序列模式挖掘的并行算法研究

英文题名：Research on Parallel Algorithm for Sequential Pattern Mining
作者：王宇
论文级别：硕士
学科专业名称：计算机应用技术
中文关键词：序列模式 ; 并行 ; 概念格 ; 搜索空间
英文关键词：sequential pattern ; parallel ; concept lattice ; search space
学位年度：2007
导师：周丽娟
学科代码：081203
学位授予单位：哈尔滨理工大学
论文提交日期：2007-03-01

摘要

序列模式挖掘是指从序列数据库中发现相对于时间或者其它顺序的高频率序列。其最初动机是想通过在带有交易时间属性的交易数据库中发现频繁项目序列以发现一个时间段内的客户购买行为规律。

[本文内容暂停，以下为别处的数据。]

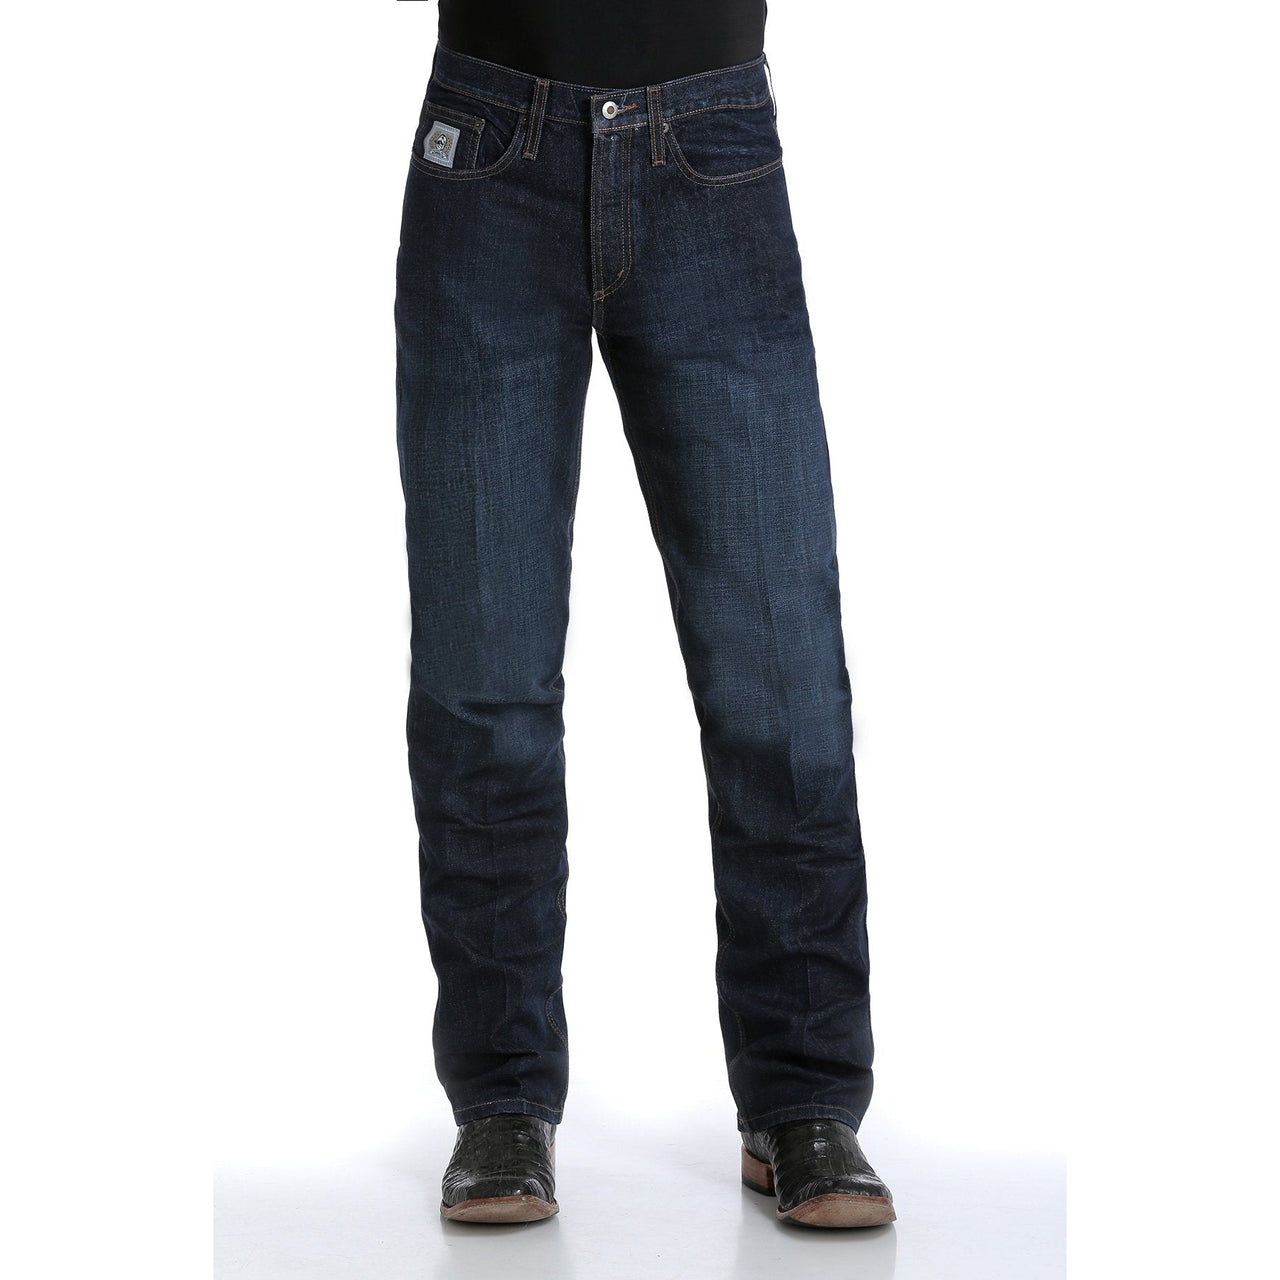 Huateng Mens Hippie Indie Bootcut Jeans Flared Denim Pants All Waist Sizes

近年来序列模式挖掘已经成为数据挖掘的一个重要方向,其应用范围已不局限于交易数据库,在DNA分析等尖端科学研究领域、Web访问等新型应用数据源等众多方面都得到了针对性研究。
     文中结合R.Agrawal和R.Srikant提出的序列模式挖掘的有关定义和R.Wille提出的概念格理论,提出了频繁概念的定义;根据序列模式并行挖掘的需要提出了搜索空间划分理论,其中包括搜索空间、子搜索空间、等价子搜索空间和最大子搜索空间的定义。
     序列模式挖掘的数据有如下特点:数据量大,数据分布存储。已有的大部分序列模式挖掘算法没有综合考虑到数据的上述特点。本文针对序列模式挖掘数据的这些特点,结合并行理论,提出了一个分布式并行算法SPP(Sequential Pattern Parallel)。本算法遵循模式缩减的原则,利用分治策略实现并行操作,在每台处理器上运用搜索空间划分理论和频繁概念构造频繁项集,运用图深度优先搜索方法构造频繁序列。算法只需扫描数据库两遍,不需要生成候选序列,大大减少了数据库访问时间,提高了序列模式挖掘的效率。不过本文采用是静态负载平衡,还有待改进。
     基于自己设计的随机数据生成程序和不同的消息结构,本文在具体的并行环境中模拟了算法SPP,并在单机中实现了AprioriAll算法。实验证明,相比于AprioriAll,SPP算法具有良好的加速比和效率。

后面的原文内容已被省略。